The Trump tax cuts of 2017 have not really been reflected in published Canadian tax income reports yet, and the impact of the reduction of corporate tax rates from 35 per cent to 21 per cent in the U.S. last year could, as William Watson published in this newspaper on Tuesday, cost Canada $50 billion. The Trump tax cuts, which rival or possibly surpass the earlier Johnson and Reagan reductions, have, contrary to the gloomy predictions of the now rather mindless globalist media such as the Economist magazine, almost paid for themselves. This is the result of the counter-behavioural changes, as people spend and invest more when rates are reduced. It is not a zero-sum game, but the world only discovered that when the after-effects of the First World War and the Great Depression obliged all major countries to engage in deficit spending: devaluing the currency while increasing the money supply and spreading it to the recently dispossessed. John Maynard Keynes and the-then U.S Federal Reserve chairman, Marriner Eccles, argued for deficit-financing of recoveries and accumulation of surpluses in times of prosperity. In practice, the first, but little of the second, has been applied and the demonetization of gold has produced a relentless slide in the purchasing power of every currency.

Canada has now chosen the worst of all possible options: higher taxes, substantial deficits and low growth, with a lot of belligerent talk about retreating from NAFTA to World Trade Organization tariffs. The HST remains unchanged. I have been incanting, almost until I am blue in the face, that we should cut all income taxes to below U.S rates and raise the HST on all voluntary spending. This effectively makes paying tax almost voluntary, and induces behavioural changes toward increased purchases of goods and services within the economy, increased savings, and less attention to the most ingenious methods of avoiding tax and moving assets and cash flows out of country.

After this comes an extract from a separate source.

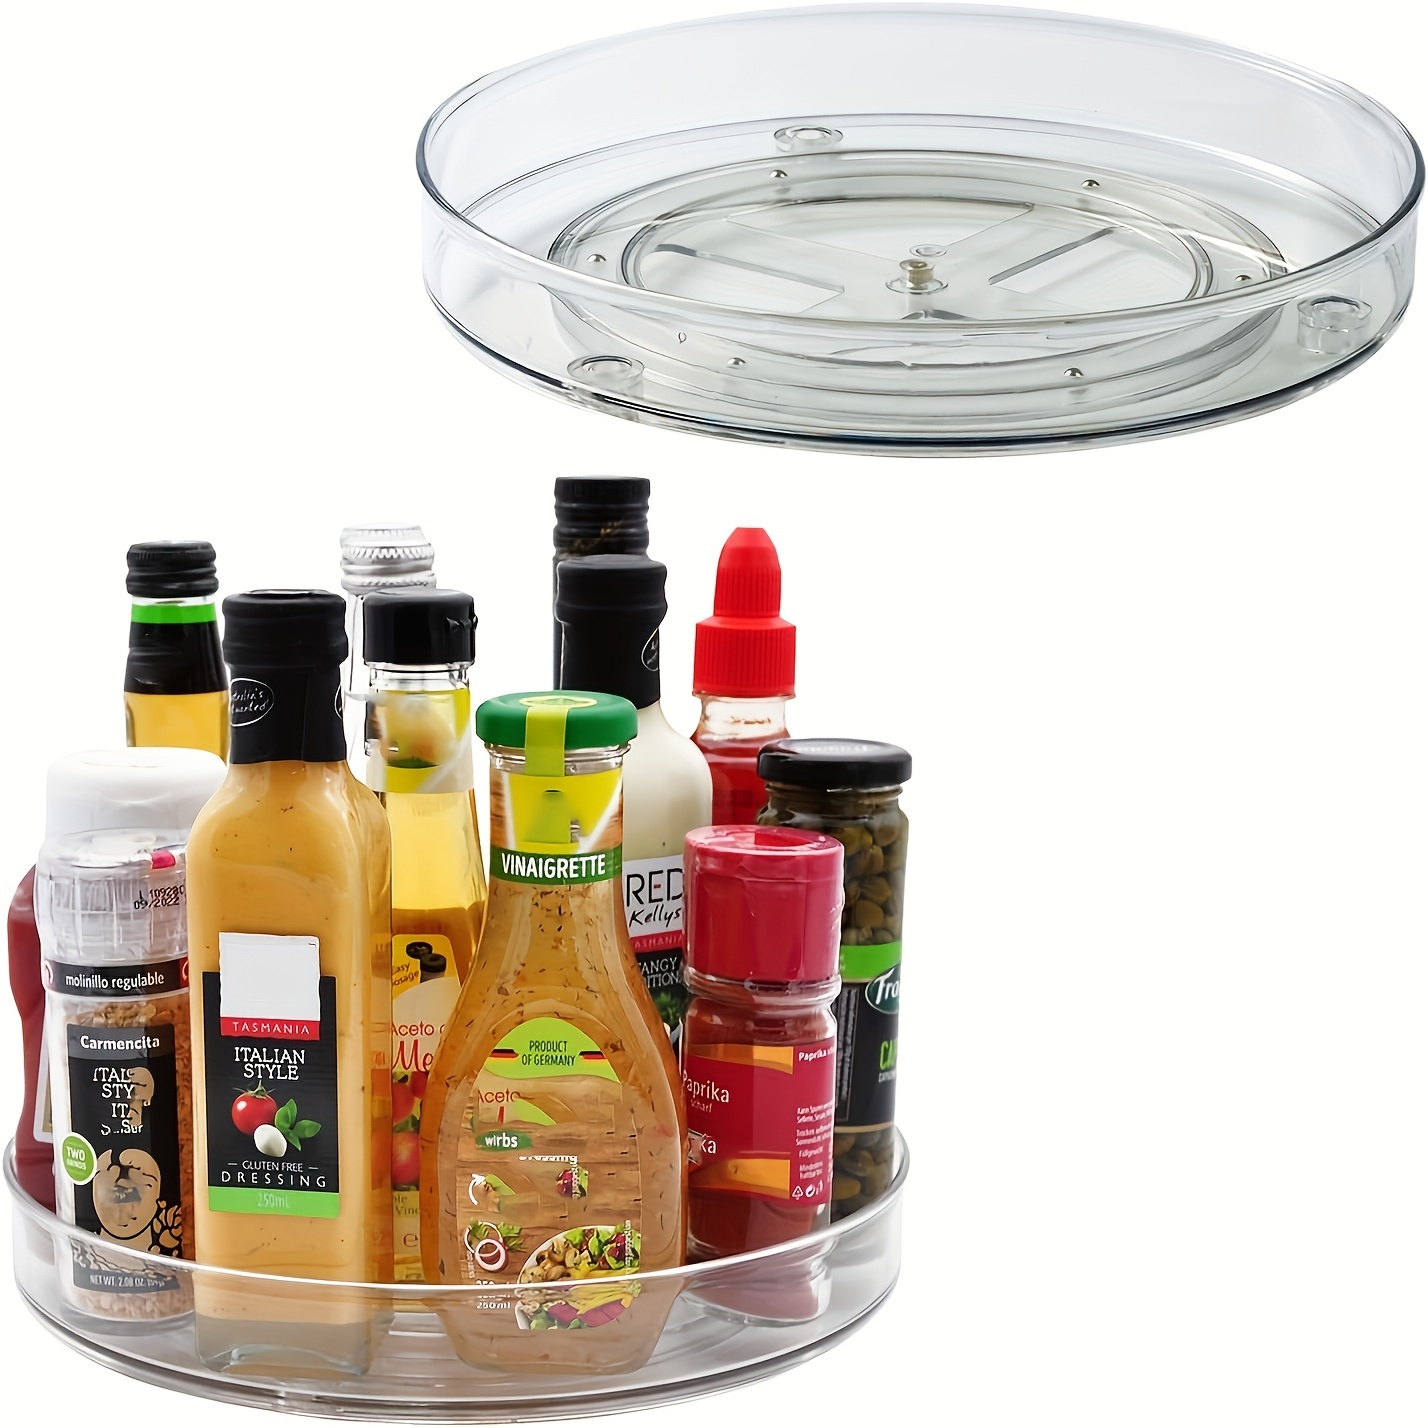 

1pc Clear Plastic Lazy Susan, Rotating Organizer For Kitchen Countertop, Refrigerator Storage, Bathroom Vanity, Multi-purpose Turntable Tray With Smooth Spinning Mechanism

Seven of our ten provinces now have top tax rates above 50 per cent; this is state larceny and incompetence. Other than in an extreme national emergency, the state has no right to more than half of anyone’s income. If the population elected to operate defined essential government services from a service co-operative administered by private-sector standards of efficiency, what are now public-sector costs would be reduced by probably half, the savings could be rebated to the public with the low-income earners favoured, and the whole world would send observers to see the Canadian economic miracle. It isn’t going to happen because it is too radical and impossible to sell in advance or execute incrementally. But no government that has high taxes, low economic growth (they go together and are inseparable) and large deficits is going to succeed.